Custom Dimensions
Learn how custom enrichments help you extract meaningful insights from unstructured textual data using AI-powered analysis and contextual reasoning.
Overview
Dimension Labs provides two types of enrichment:
-
Standard Dimensions — A comprehensive set of analytical tasks available out of the box in every partner organization. These dimensions (such as Reason, Category, Predicted Rating, and Summary) are designed to work across most textual data sources with no configuration required.
- Referred to in the platform as "System Prompts"
-
Custom Dimensions — Enrichment tasks that you define to align with your specific business needs, terminology, and research objectives. Custom prompts are how you create custom dimensions.
- Referred to in the platform as "Custom Prompts" or "Prompts"
Standard dimensions give you a strong analytical foundation from day one. Custom prompts extend that foundation by letting you extract the specific signals that matter to your organization — whether that's detecting product friction in support conversations, identifying churn intent in survey responses, or categorizing feedback by your internal taxonomy.
Custom prompts are the most significant aspect of customization before you begin engaging with the AI Agent to explore your data, answer business questions, and produce knowledge from your underlying data.
What Is a Custom Prompt?
A custom prompt is an analytical task you define that tells the AI exactly what to look for in your data. Each custom prompt runs against every transcript in an integration and outputs a labeled value — creating a new column (dimension) in your enriched dataset.
Think of it this way: if a standard dimension like Reason asks "What is this conversation about?" — a custom prompt lets you ask anything specific to your business, such as:
- "Did the customer mention a specific product feature?"
- "Is there a billing dispute in this conversation?"
- "What stage of the customer journey does this interaction represent?"
- "How would you rate the quality of the agent's response?"
Each of these questions becomes a dimension in your data — a new column you can filter, cross-tabulate, and visualize alongside every other dimension in the platform.
How Custom Prompts Relate to Enrichment
Enrichment is the process of extracting meaning from raw text and applying it as structured labels. Each enrichment task uses a prompt to analyze individual transcripts with a large language model and output a labeled value.

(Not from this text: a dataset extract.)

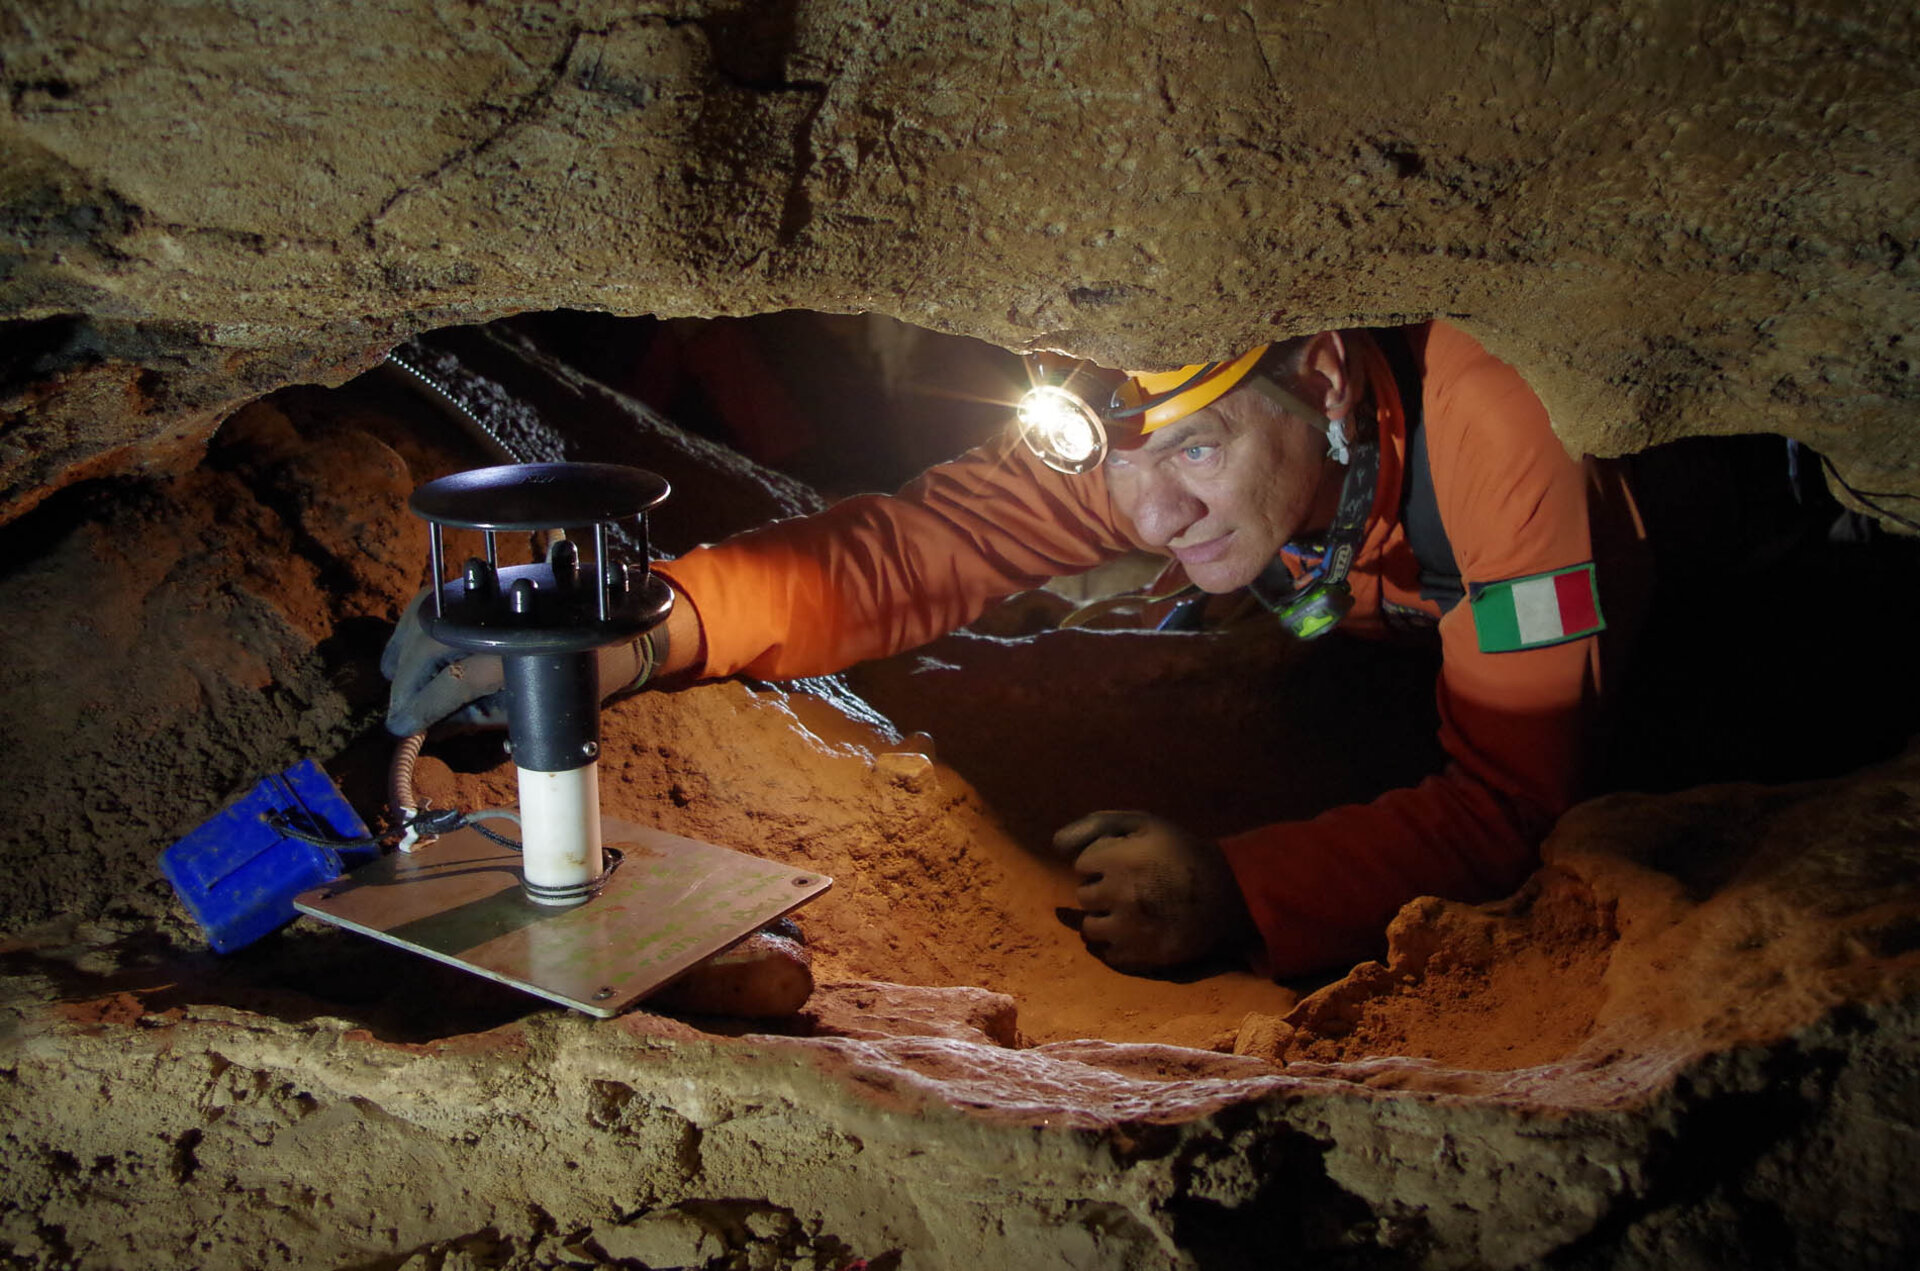 ESA astronaut Paolo Nespoli during the CAVES 2013 campaign

Custom prompts follow the same enrichment process as standard dimensions. The difference is that you control the question, the output format, and the classification logic. A custom prompt can output:
- A dynamic label generated from the text (e.g., a reason or summary in the customer's own language)
- A predefined category selected from a list you define (e.g.,
Billing,Technical Issue,Product Inquiry) - A boolean value indicating whether a condition is present (e.g.,
Trueif friction is detected) - A score or rating on a defined scale (e.g., a 1–5 CSAT prediction)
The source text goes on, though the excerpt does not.